Turkey, now in the mood to explore new foreign policies, has recently begun to develop an “unofficial” relationship with Abkhazia which may reduce the latter’s dependence on Russia. There has been a large Abkhaz diaspora in Turkey since the 19th century, and some of its enterprising members have begun to invest and even settle in the “old country”. The European Union ought to risk Georgian protests and launch a modest contact programme - environment, health, theatres, education - which would help Abkhazia out of isolation. Peter Semneby, the wise Swede who is the European Union’s special representative for the south Caucasus, has spoken of “engagement without recognition”.
It’s a good time to change policy. Firstly, because there is growing realisation in Georgia itself that the two territories cannot be “recovered”. Mikheil Saakashvili’s government is still totally obdurate. But moderate opponents like Irakli Alasania, who negotiated with the Abkhazians in 2008, have said that the problems can be resolved by direct talks, and that “the Abkhazian side’s goal also is to create conditions for long-term stability”. And, as Donald Rayfield reports on openDemocracy, Georgian interest has shifted away from sacrificial posturing towards the thrills of economic transformation and money-making (see “Georgia, two years on: a future beyond war”, 5 August 2010).
Secondly, because the west’s non-recognition of the territories, its stolid endorsement of the “breakaway regions” line is doing Georgia no favours. A nation thirled to impossible territorial claims which merely enrage its neighbours is a trapped nation, dependent on more powerful allies who may one day tire of those claims and leave their client in the lurch.
Sterile talks plod on. At Geneva, the discussion on “security and stability in Transcaucasia” has just held its twelfth session. The Abkhazians want an all-round agreement to renounce the use of force. The Georgians, trying to ignore the Abkhazians as unrecognised unpersons, say they will only sign an agreement with Russia. The Russians - sensibly - suggest that they all sign an agreement; but unilaterally, with international organisations such as the Organisation for Security and Cooperation in Europe (OSCE) and not with each other. Nothing happens.

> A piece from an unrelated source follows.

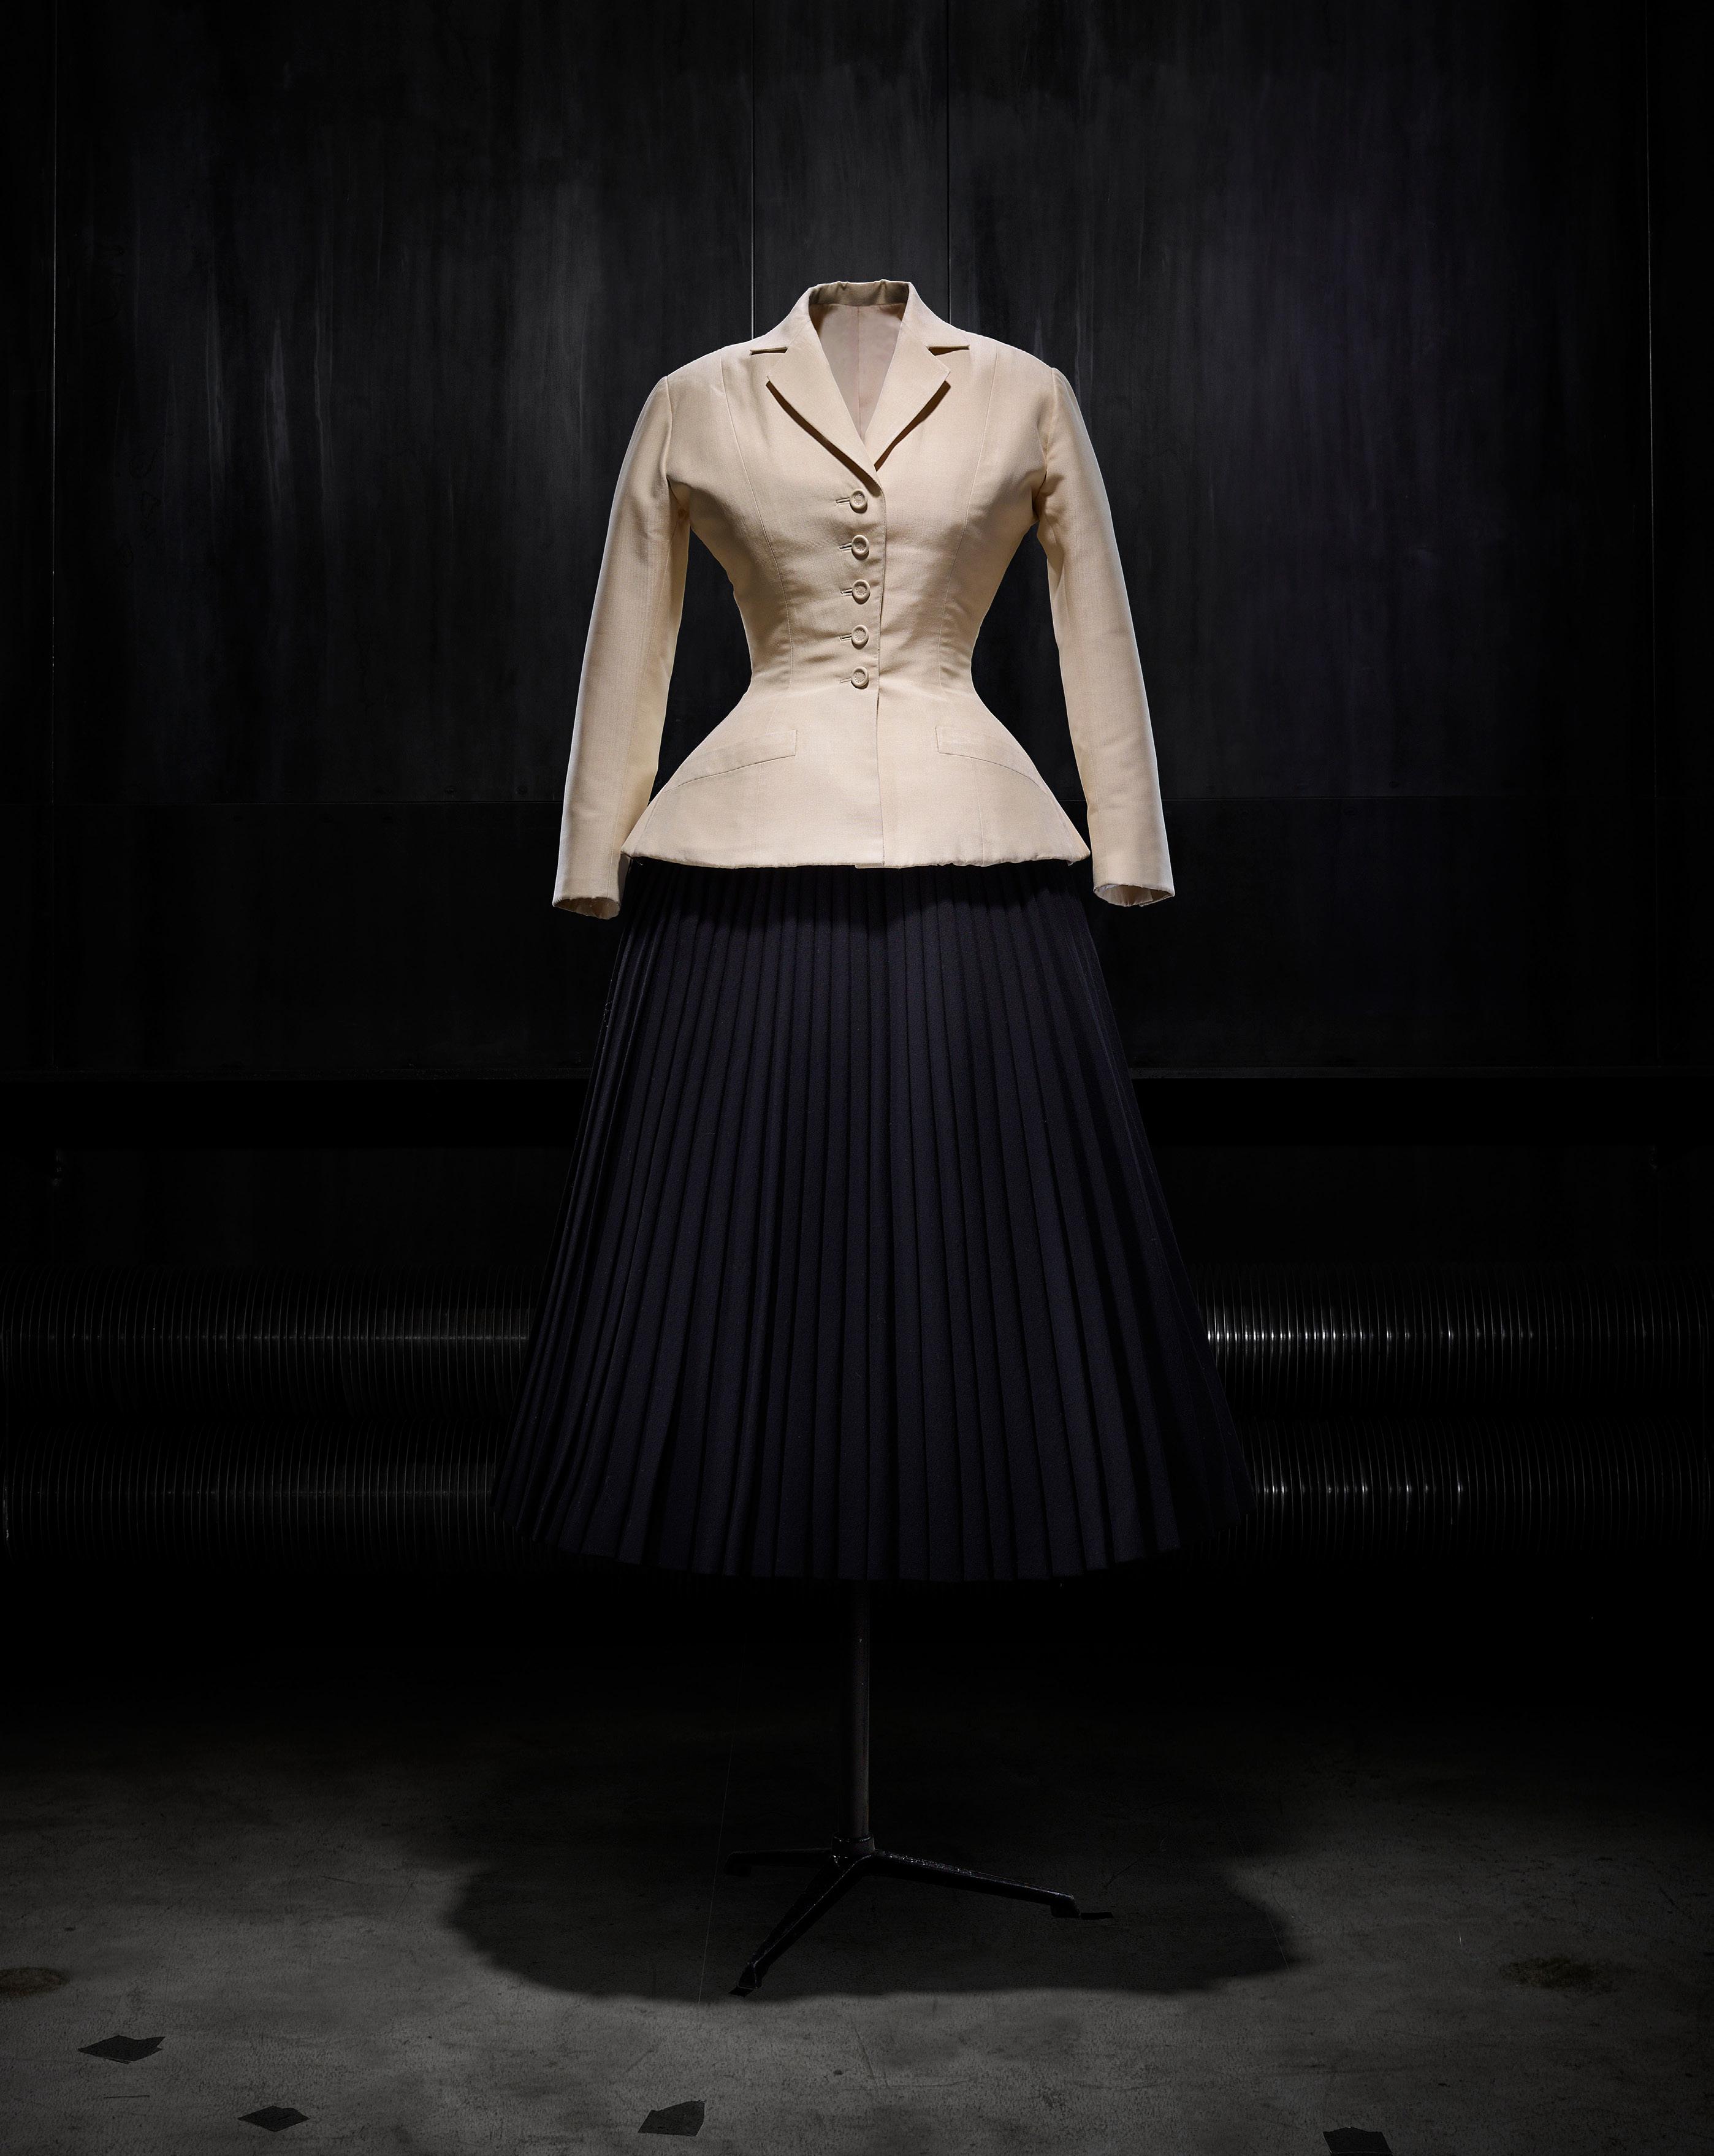 Il tailleur Bar realizzato nel 1947 da Christian Dior e composto da una giacca in shantung naturale e da una gonna a corolla plissettata di lana nera, collezione di haute couture printemps-été 1947, linea Corolle.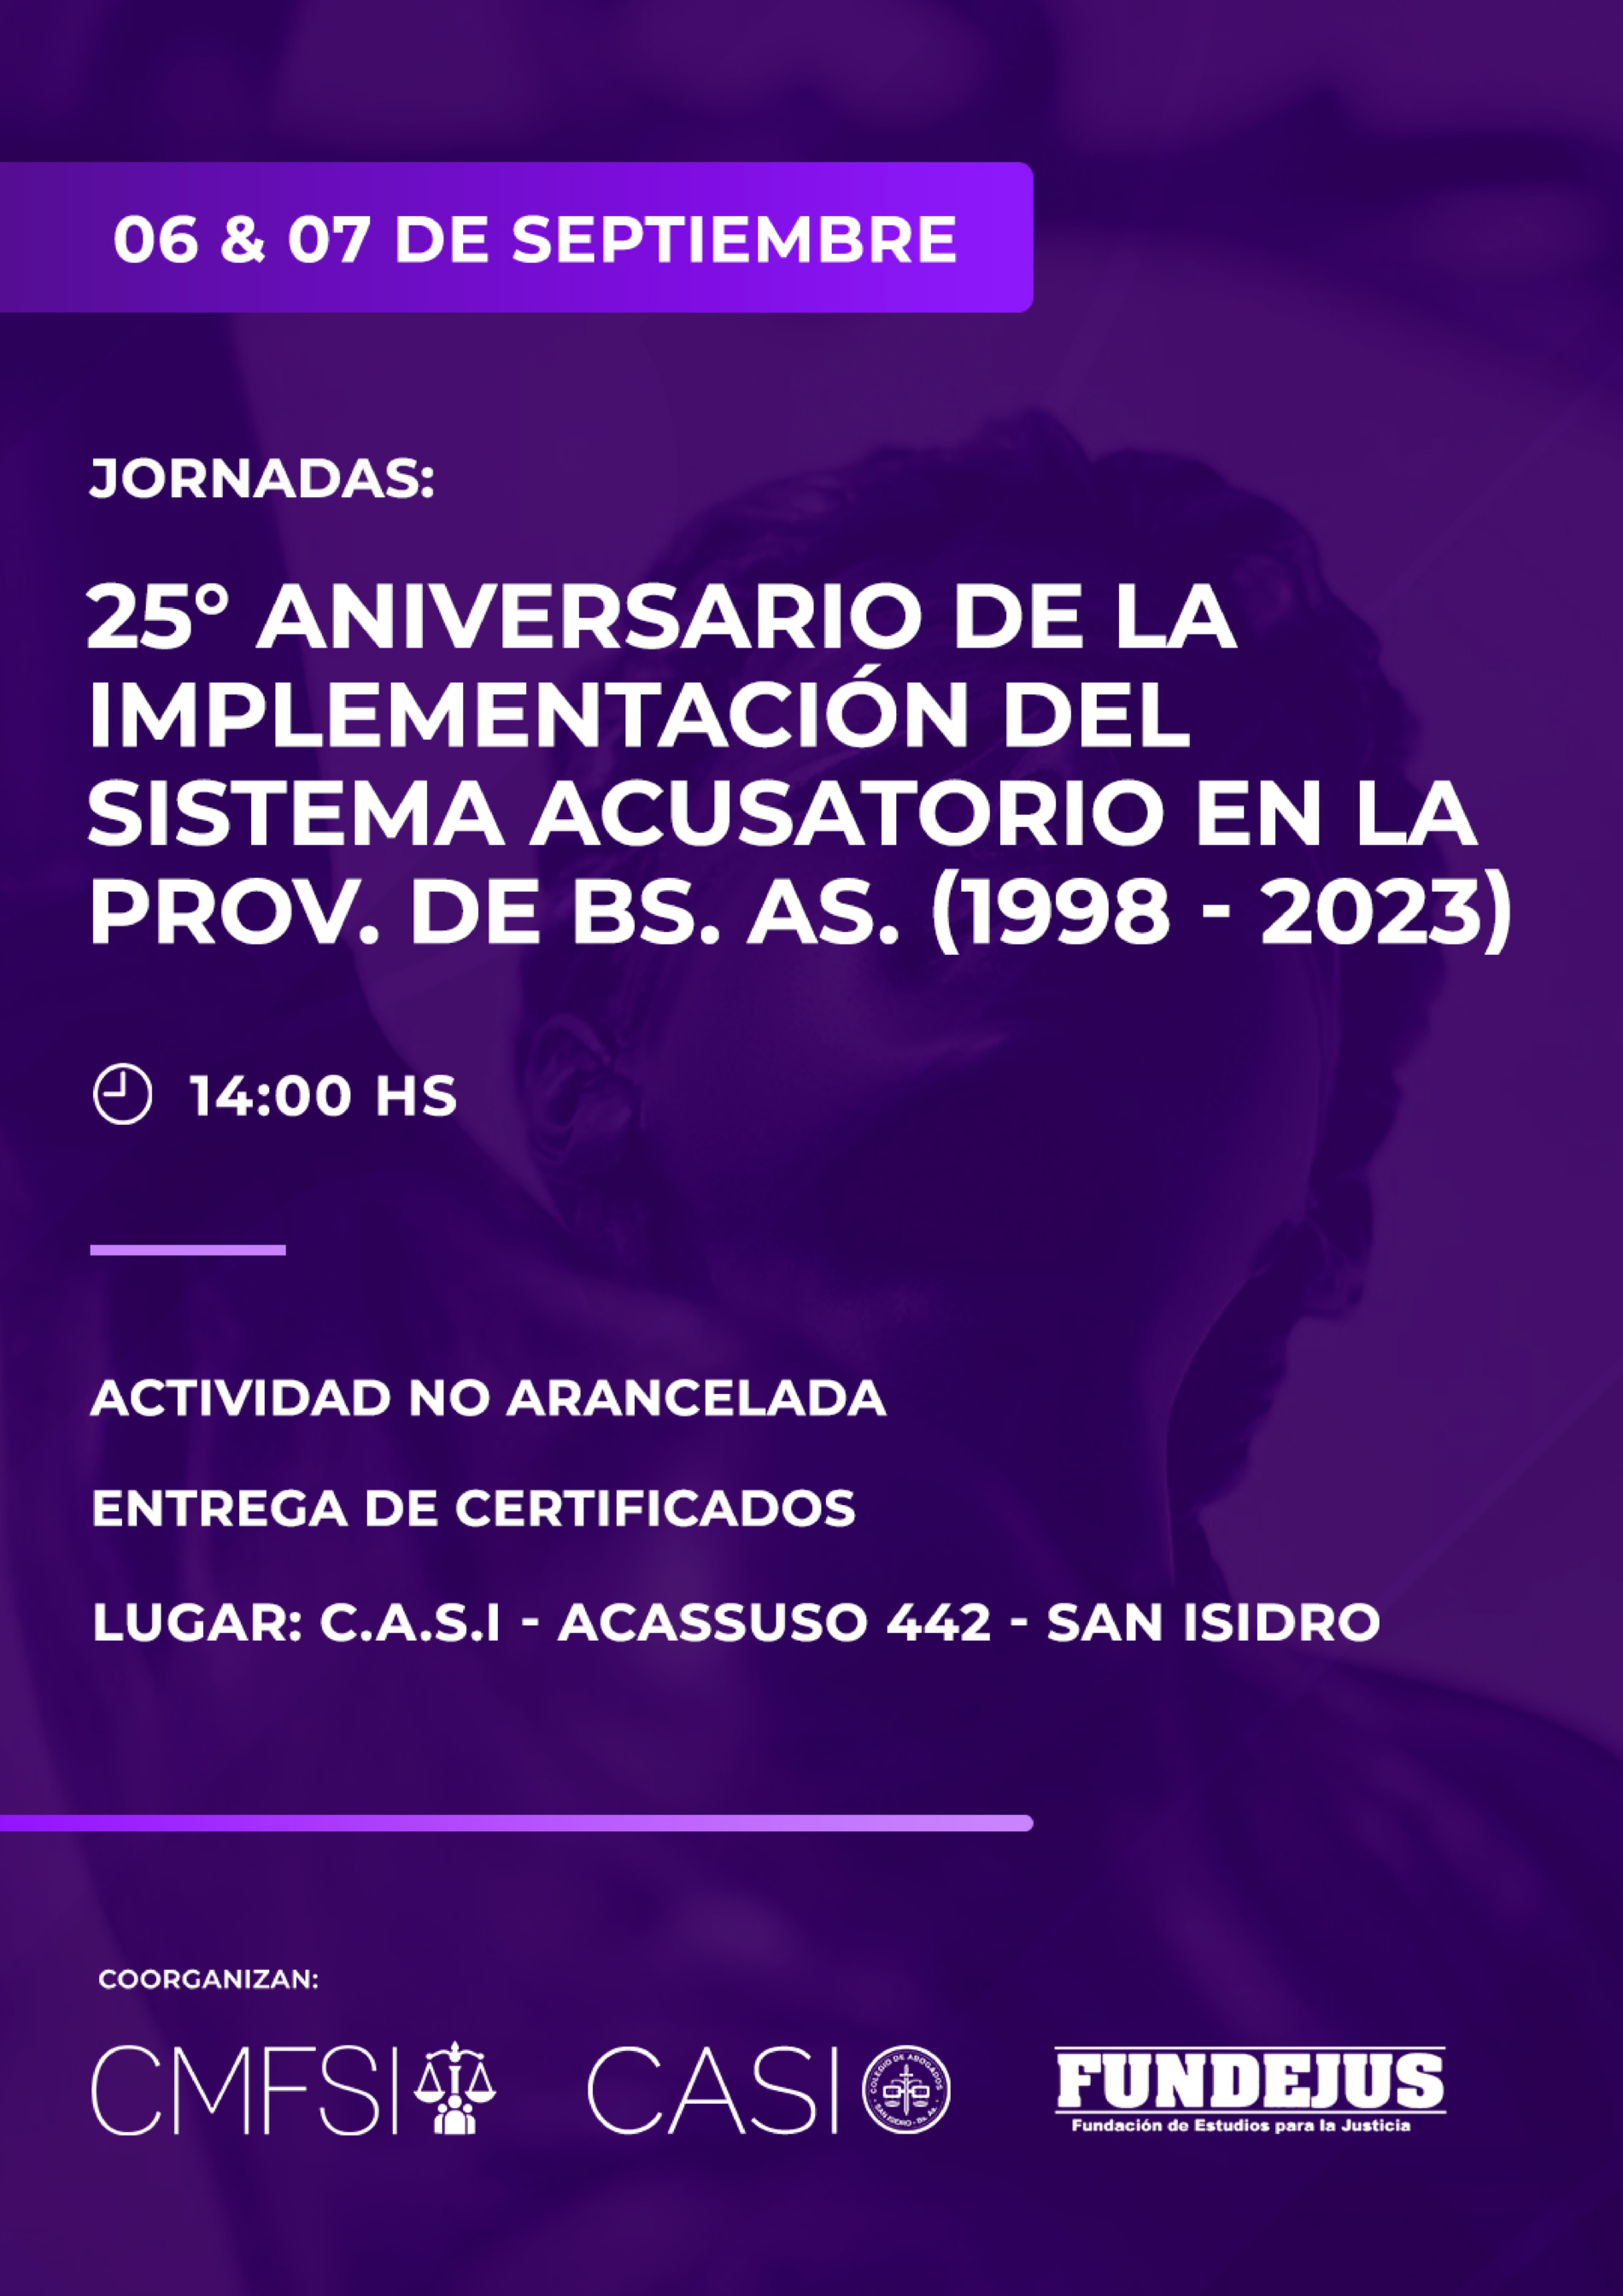 FUNDEJUS invita: Jornadas “25º Aniversario de la implementación del sistema acusatorio en la provincia de Buenos Aires”. (1998-2023) – CRONOGRAMA COMPLETO

Everyone, it seems, is gripped in the drying mud of frantic attitudes struck two years ago. And yet any outsider can sketch an escape-route. America, impatient to reset relations with Russia, stops backing Saakashvili’s rhetoric and persuades Georgia to accept irreversible reality. The European Union opens a sub-recognition contact-programme with Abkhazia, and halts its absorption by Russia. Georgia follows the EU example, reopening transport, trade and cultural links with Abhkazia. Some of the Georgian and Mingrelian refugees who fled Abkhazia in 1993 begin to return, on condition that they recognise Abkhazia’s independence and take its citizenship. Abkhazia learns to welcome them as fellow-citizens, not saboteurs and subversives.
The end product? A warm, even intimate relationship between two independent states in the south Caucasus - one larger, one smaller. Perhaps even a special relationship, for in the end the two societies have much in common. All it takes is the gentle art of losing face. But in the Caucasus, that’s an art with no teachers.